#### Exercise goal
The copy you return must begin at the line containing "Navy High Waisted" and end at the final line of the listing below, with every picture left out.
[Start of section]
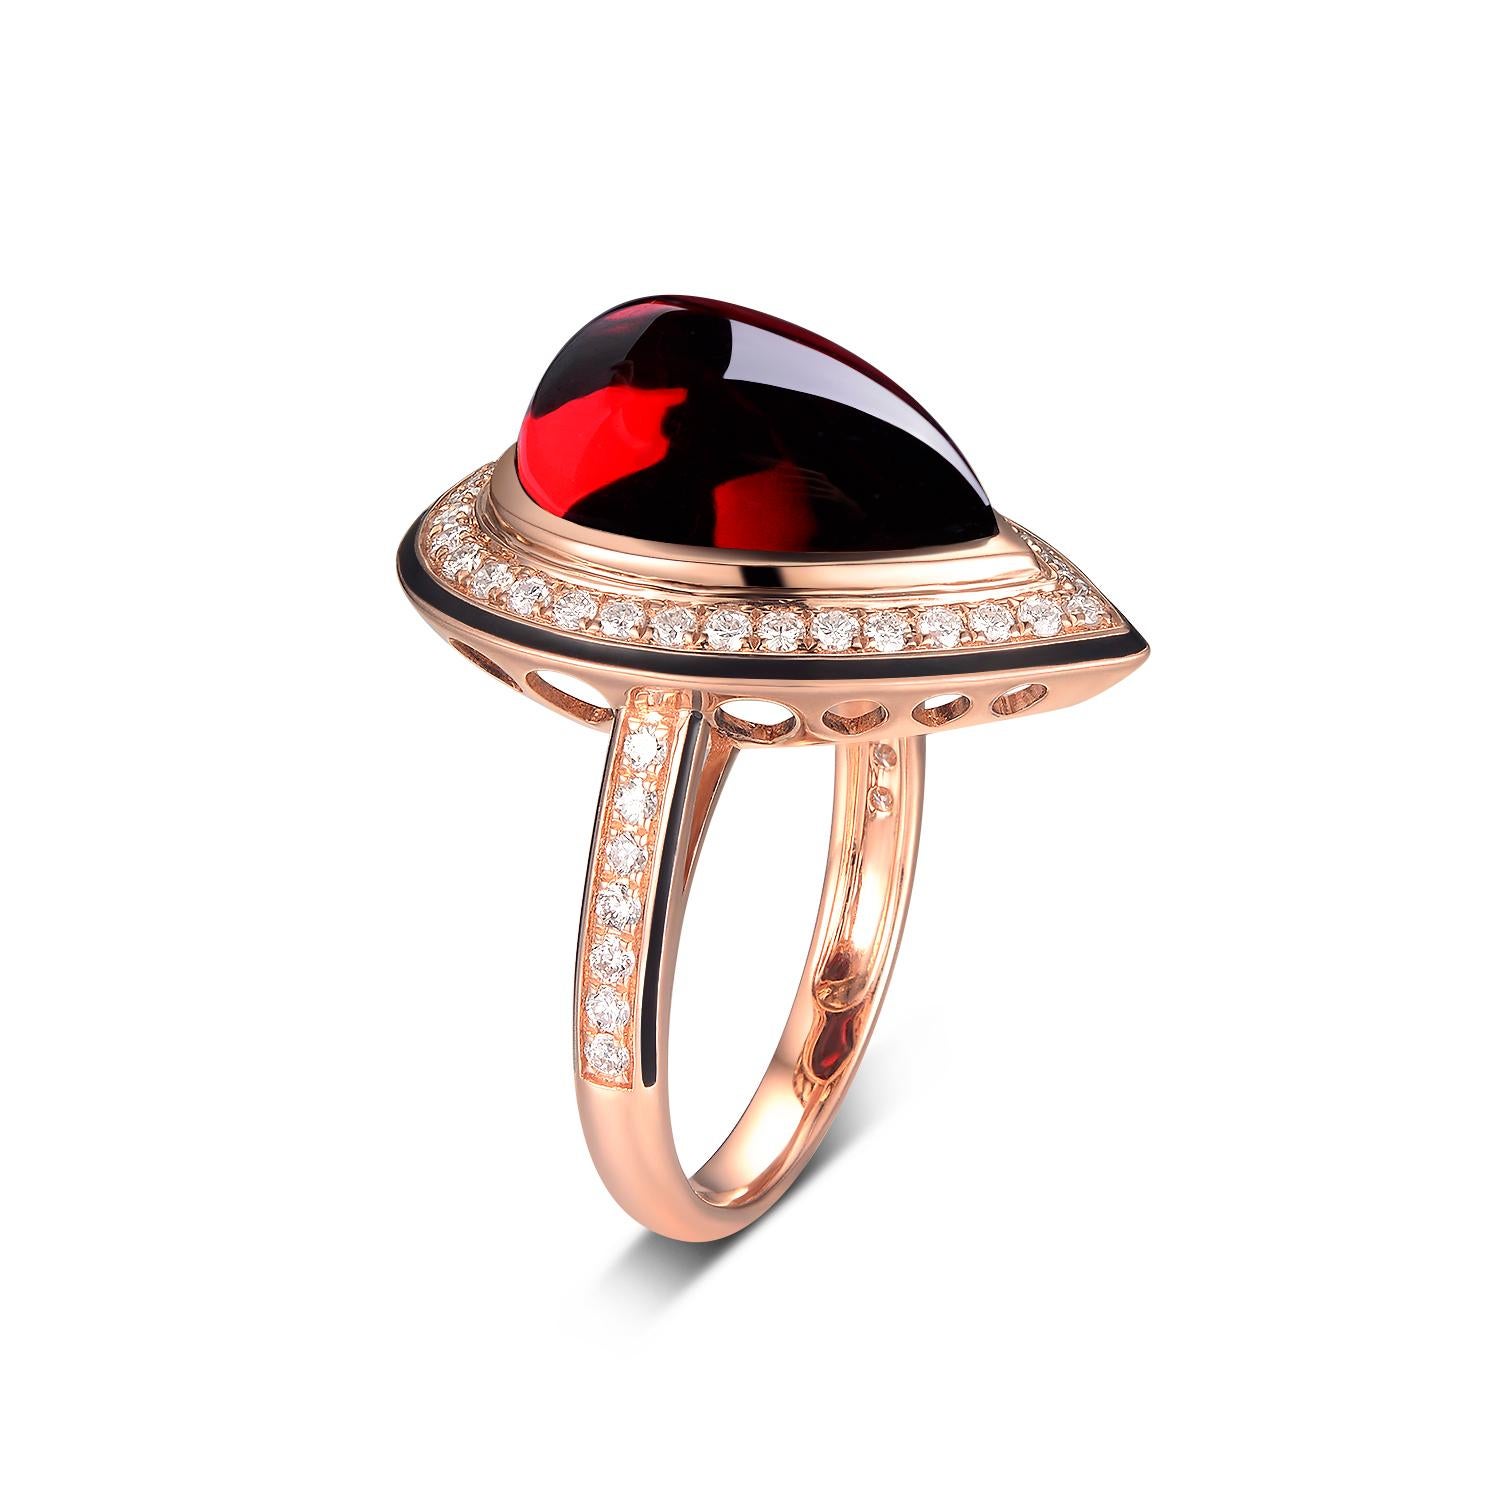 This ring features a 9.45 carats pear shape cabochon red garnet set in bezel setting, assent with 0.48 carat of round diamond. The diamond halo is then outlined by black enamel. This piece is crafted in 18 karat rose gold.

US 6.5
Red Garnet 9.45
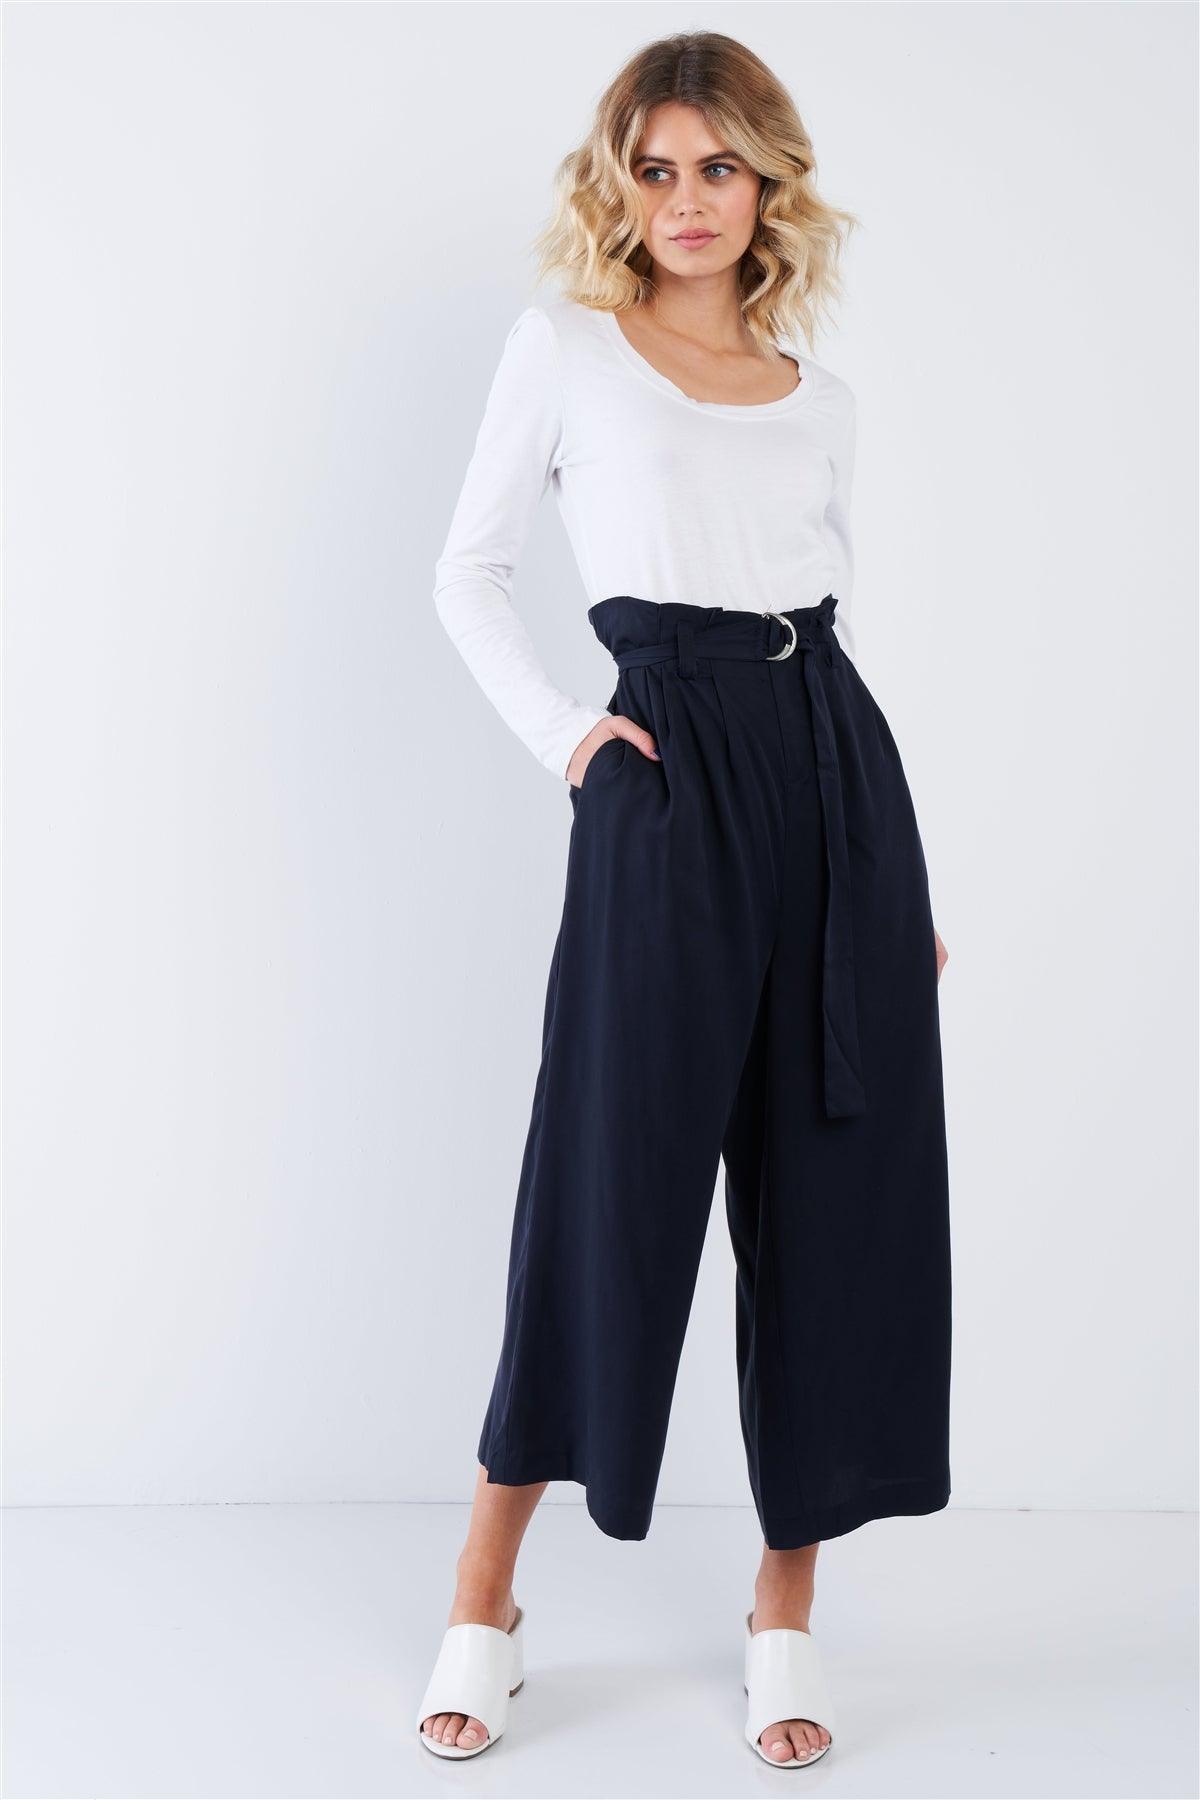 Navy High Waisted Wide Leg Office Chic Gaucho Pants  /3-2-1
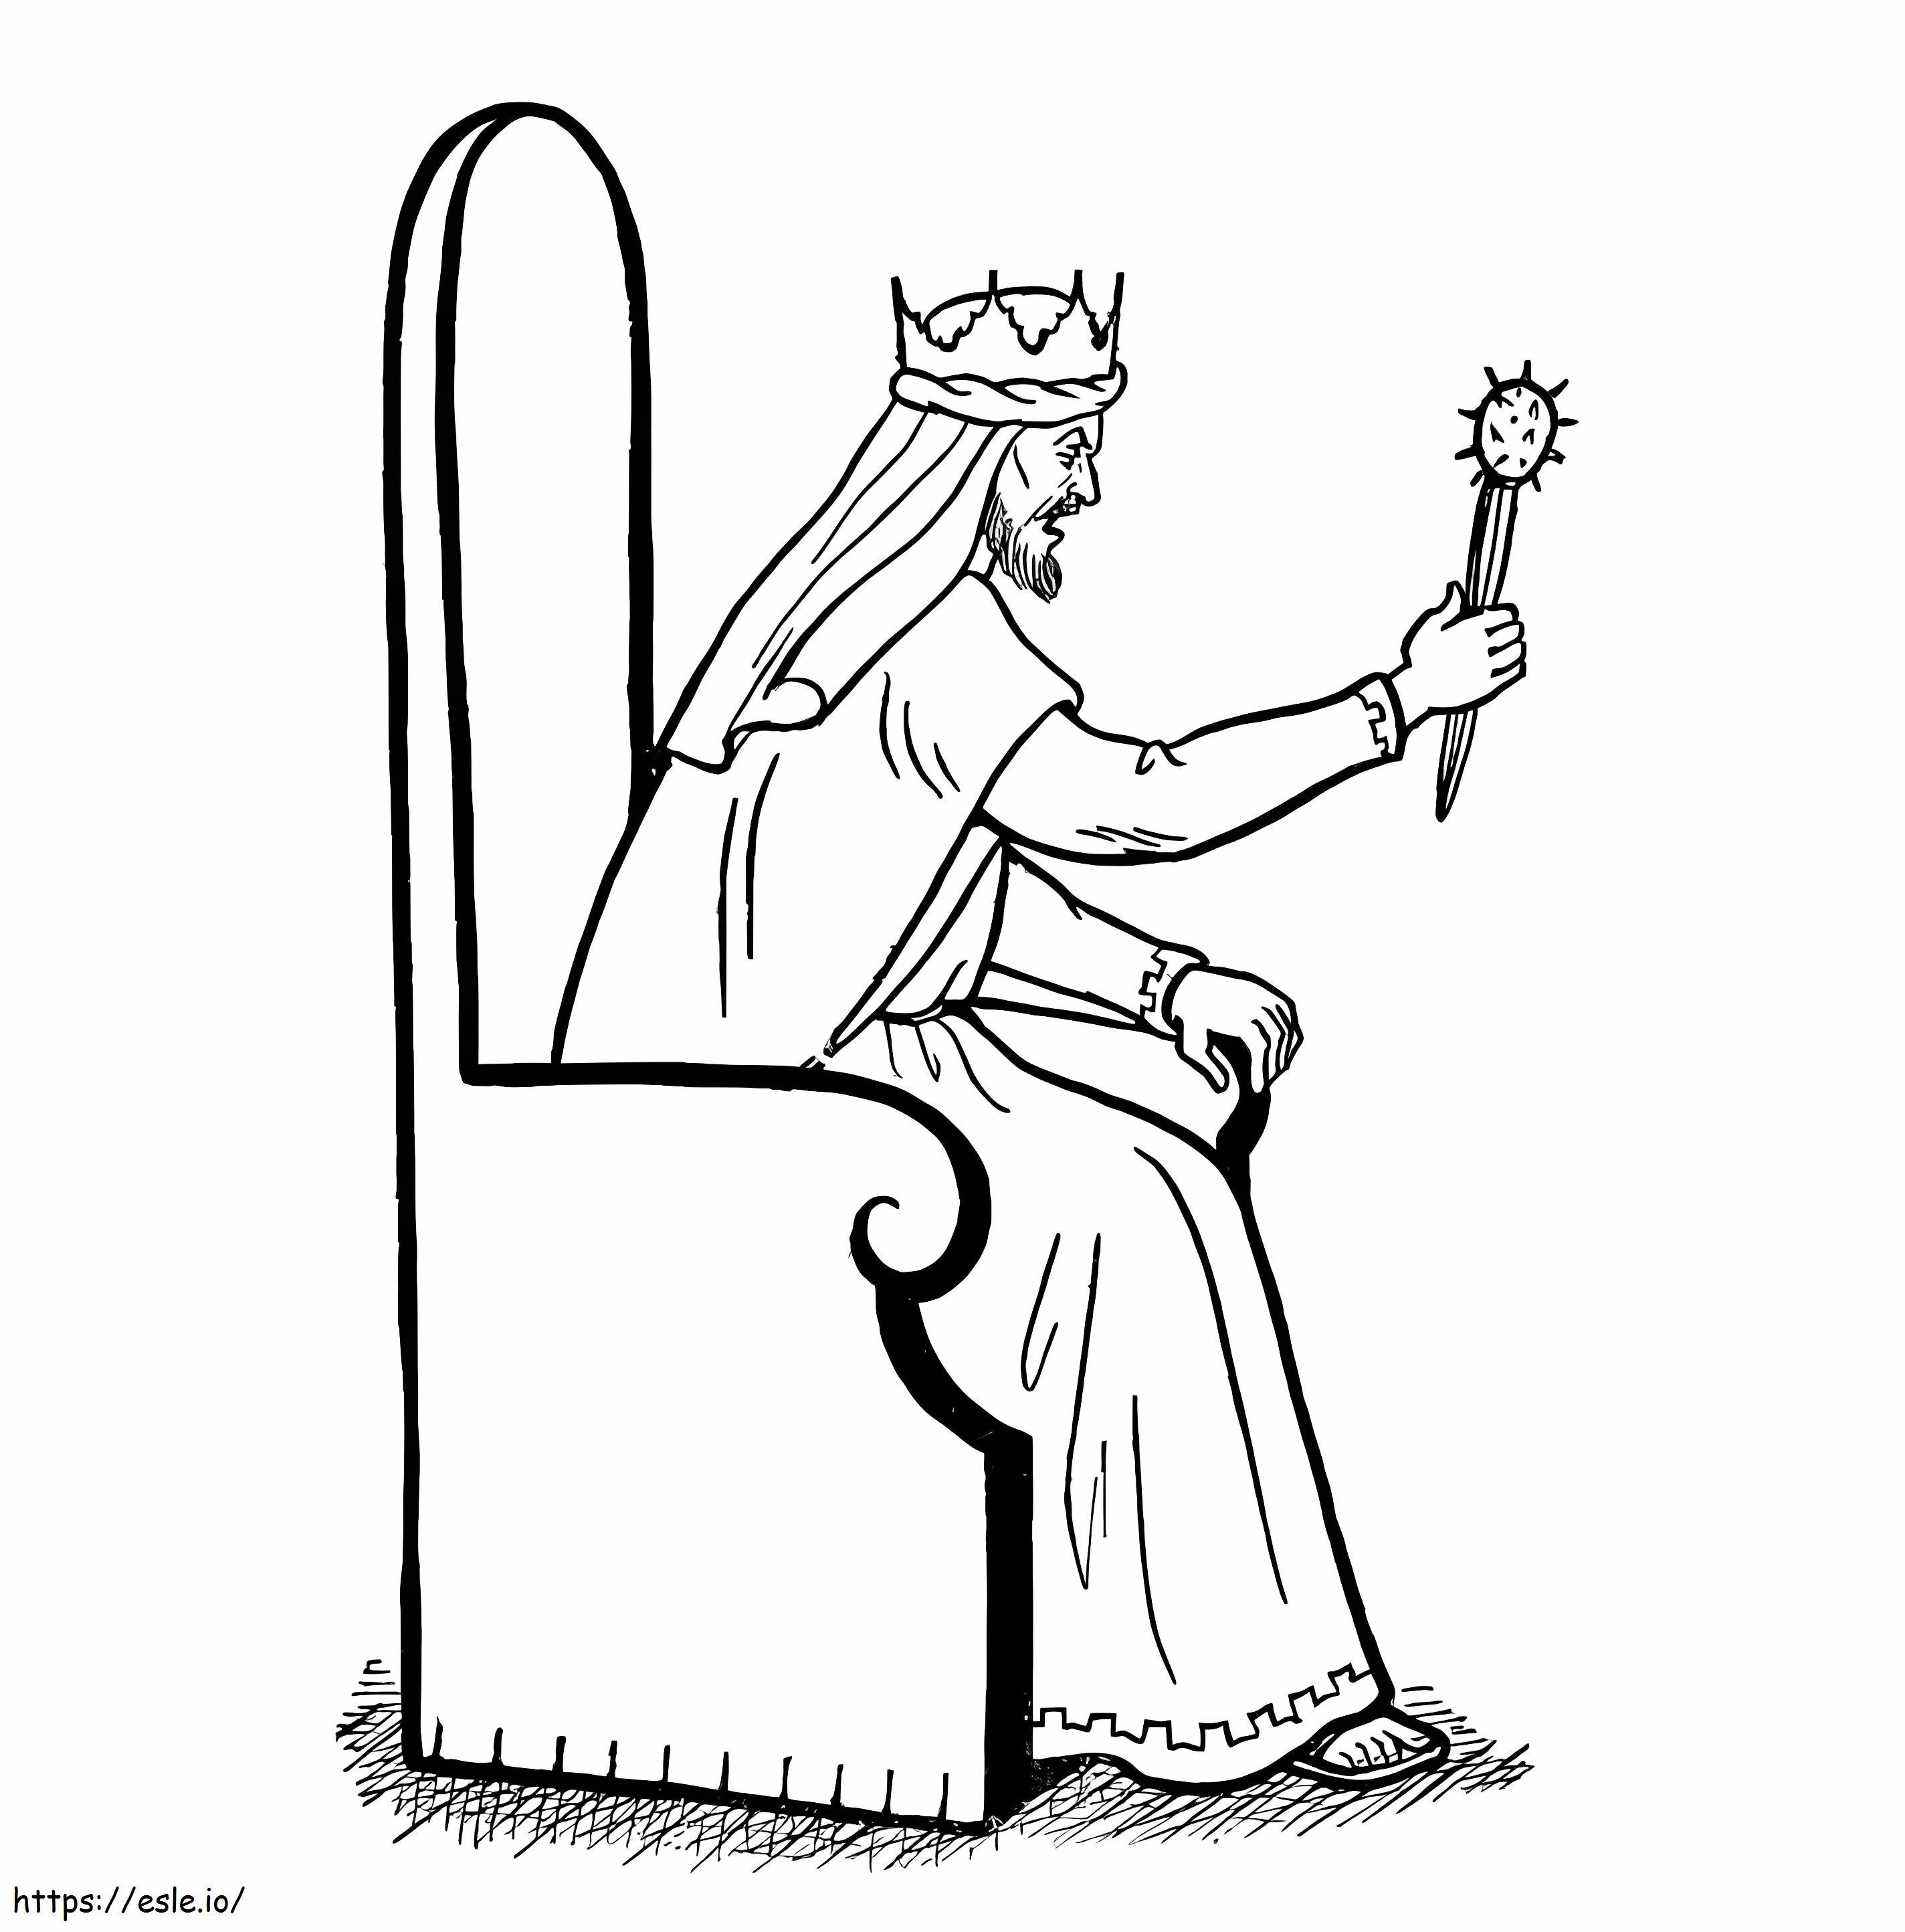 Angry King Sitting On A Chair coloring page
[End of section]
#### Output for this exercise
 Navy High Waisted Wide Leg Office Chic Gaucho Pants  /3-2-1
 Angry King Sitting On A Chair coloring page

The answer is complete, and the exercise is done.